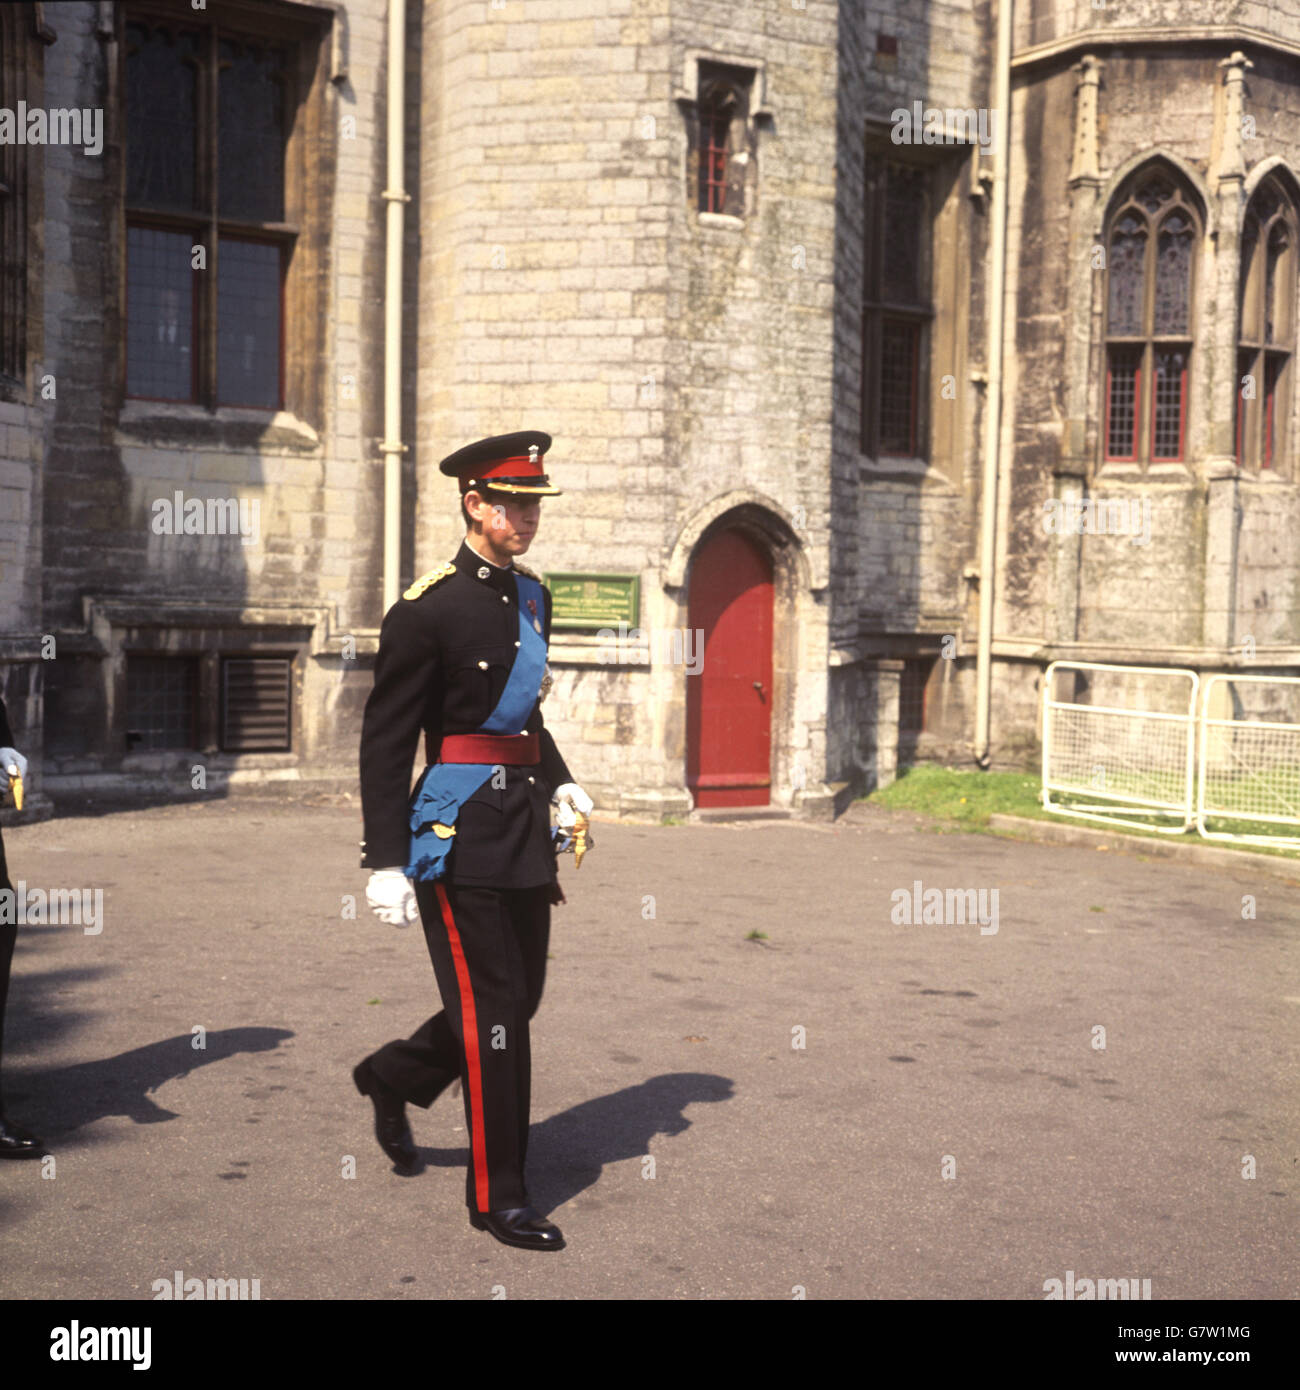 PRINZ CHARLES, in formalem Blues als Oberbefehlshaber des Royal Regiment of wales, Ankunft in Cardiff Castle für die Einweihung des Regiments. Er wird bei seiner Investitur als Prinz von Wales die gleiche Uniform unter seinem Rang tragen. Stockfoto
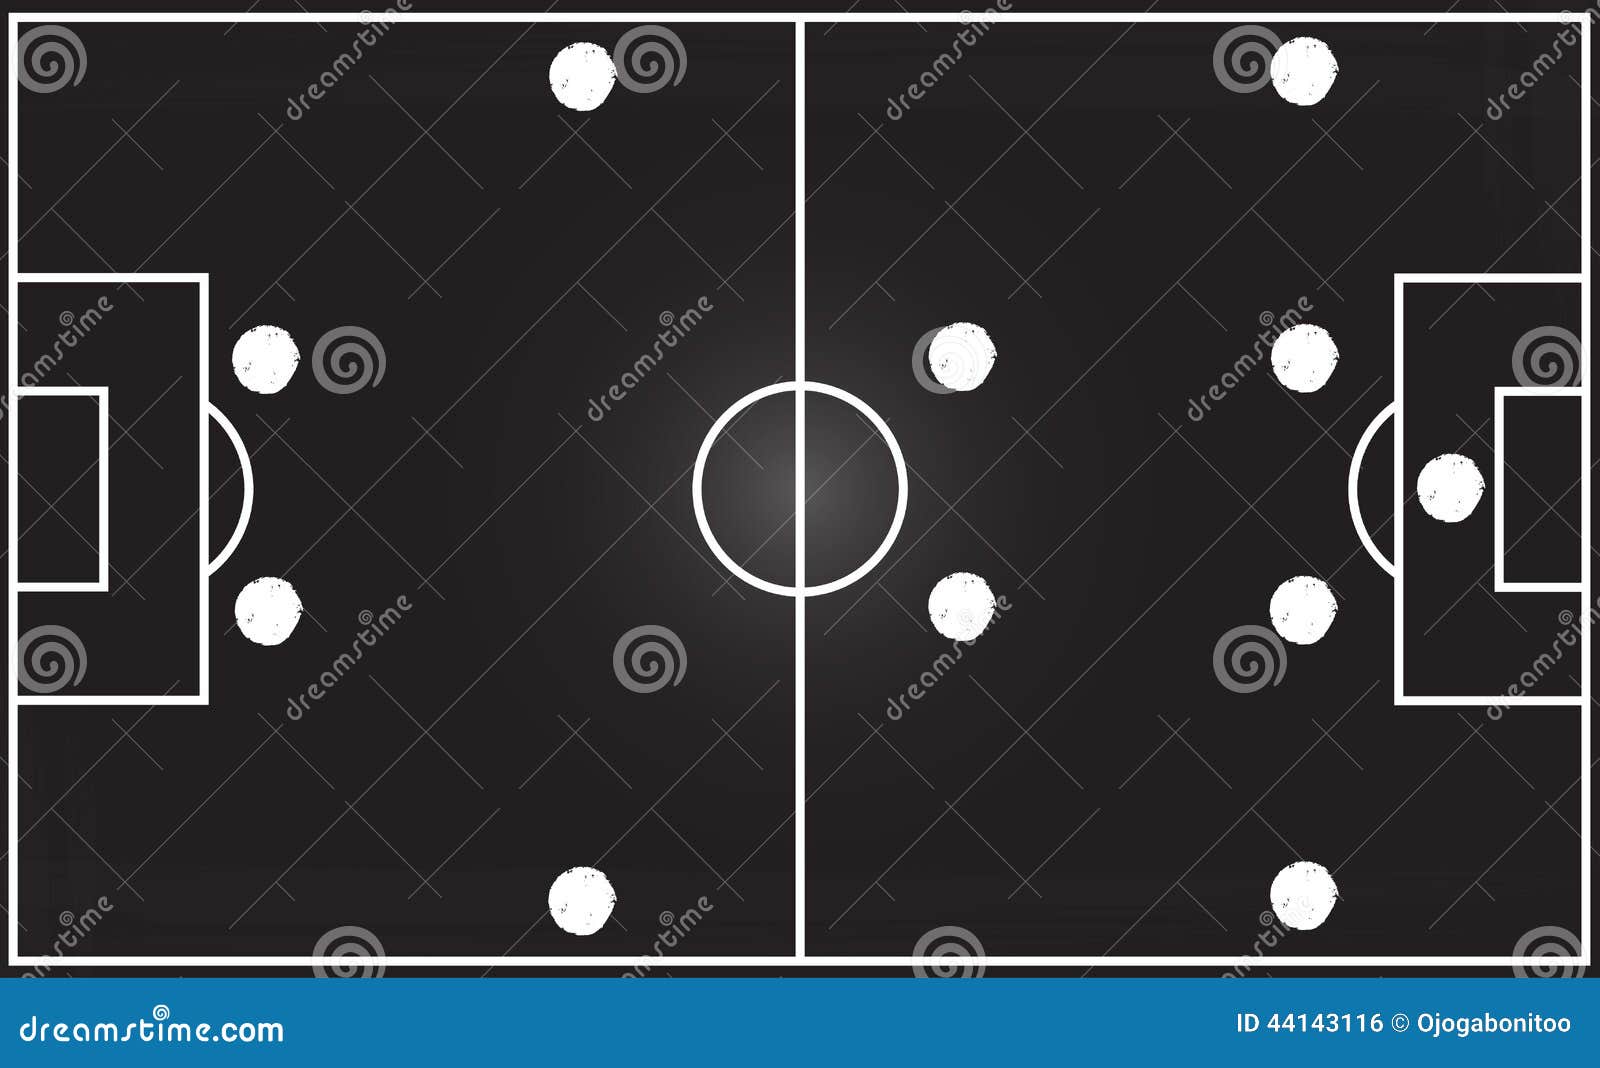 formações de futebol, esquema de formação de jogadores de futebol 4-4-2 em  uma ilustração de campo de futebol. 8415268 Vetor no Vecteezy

:::::

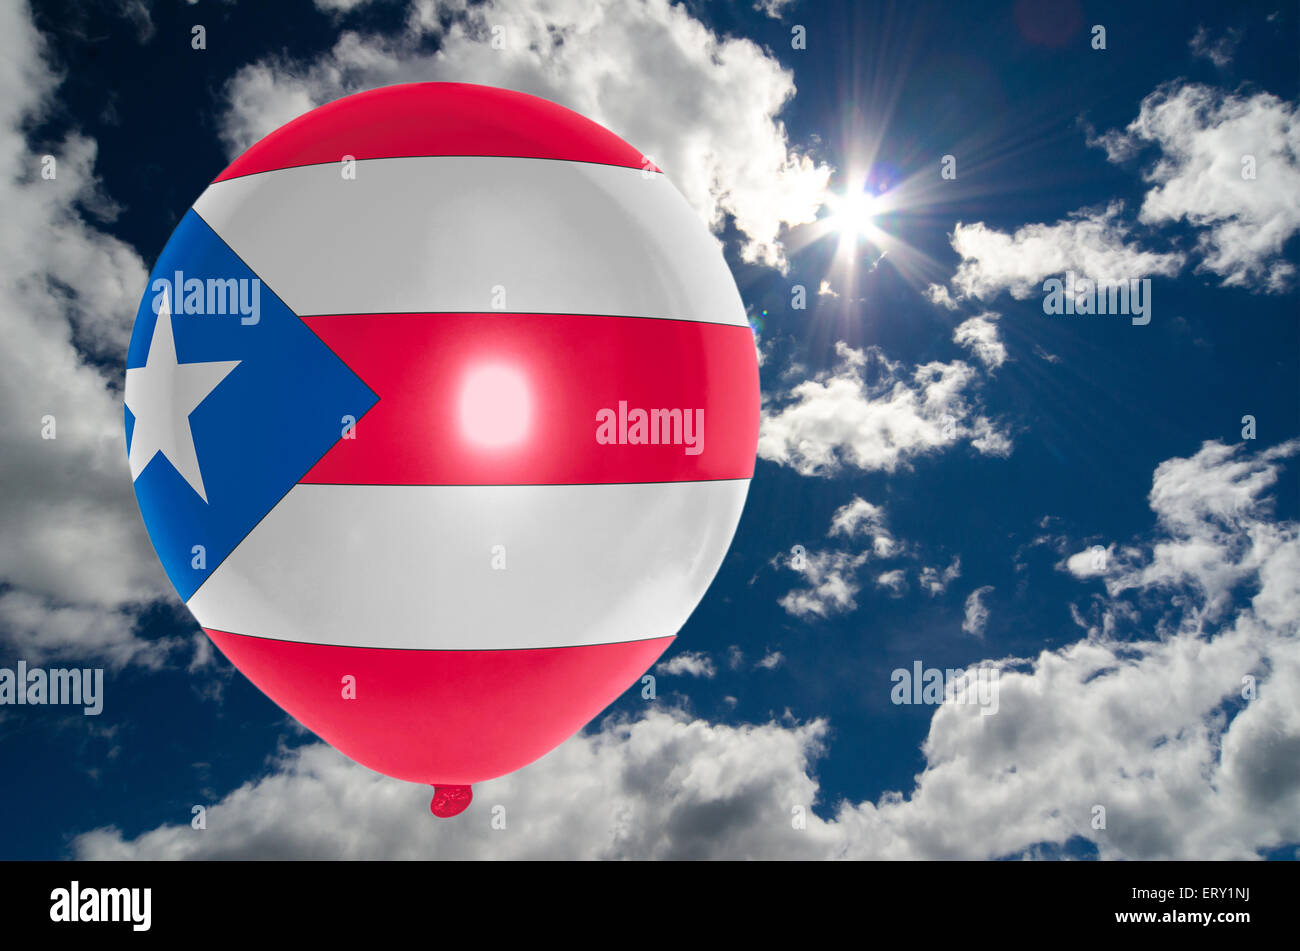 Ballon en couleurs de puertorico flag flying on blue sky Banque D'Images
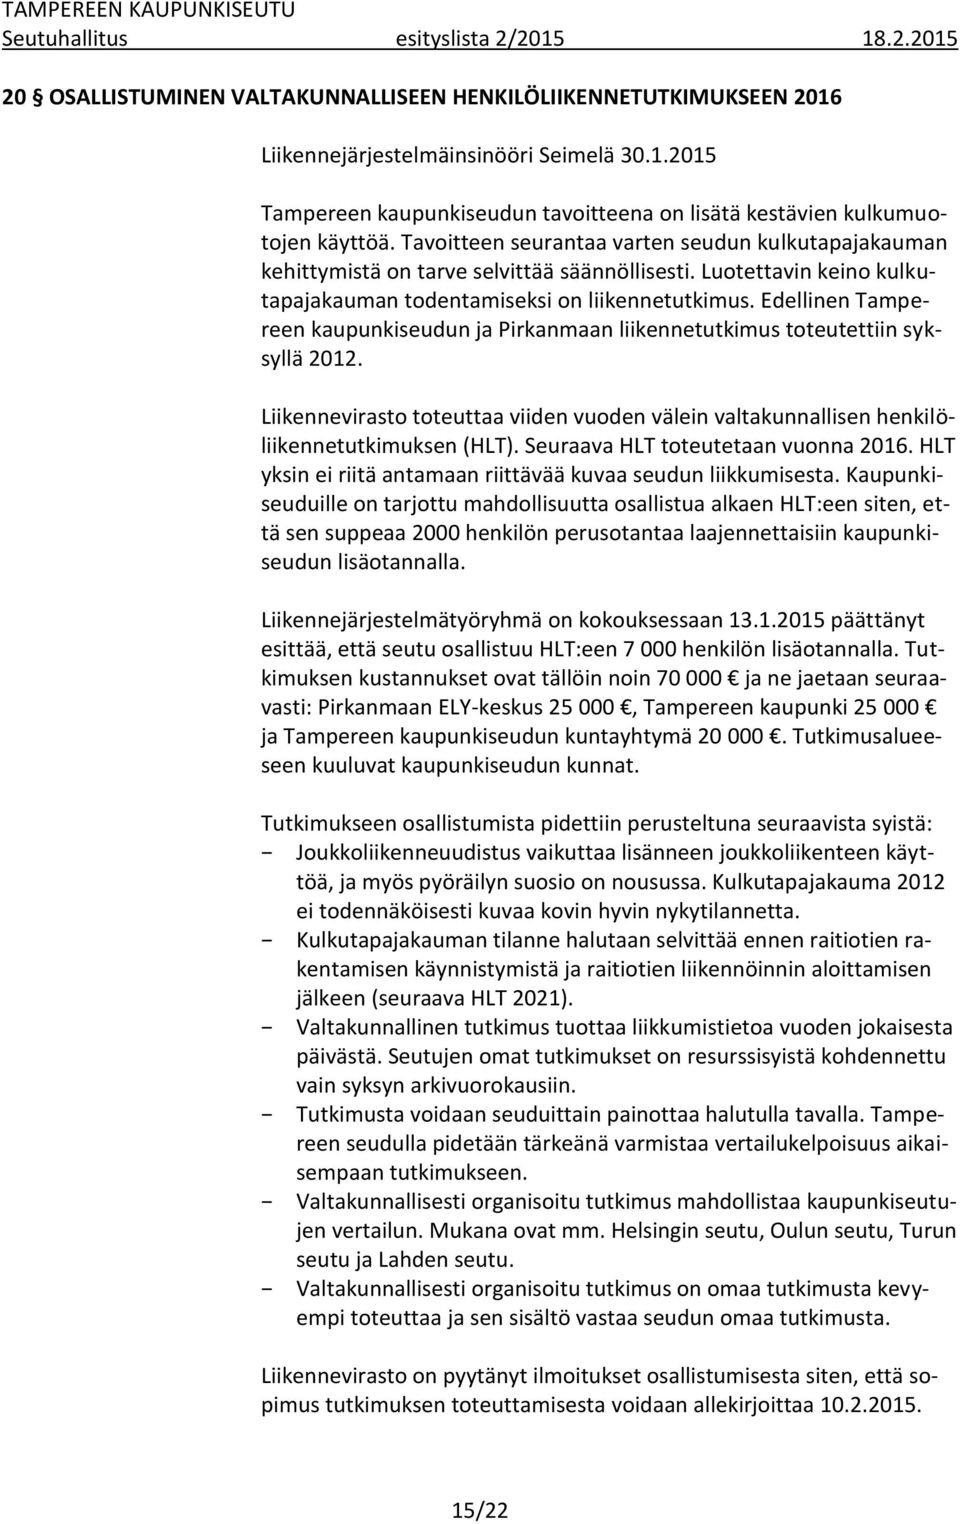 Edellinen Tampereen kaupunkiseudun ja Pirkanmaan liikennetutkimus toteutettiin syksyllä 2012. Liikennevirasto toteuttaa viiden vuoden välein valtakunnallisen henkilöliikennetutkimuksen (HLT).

:::::

Your instructions:
Above are the records. Copy only the lines from the one with "Ballon en couleurs" through the one with "Edellinen Tampereen kaupunkiseudun", exactly, with no pictures.

Problem solution:
 Ballon en couleurs de puertorico flag flying on blue sky Banque D'Images
 Edellinen Tampereen kaupunkiseudun ja Pirkanmaan liikennetutkimus toteutettiin syksyllä 2012. Liikennevirasto toteuttaa viiden vuoden välein valtakunnallisen henkilöliikennetutkimuksen (HLT).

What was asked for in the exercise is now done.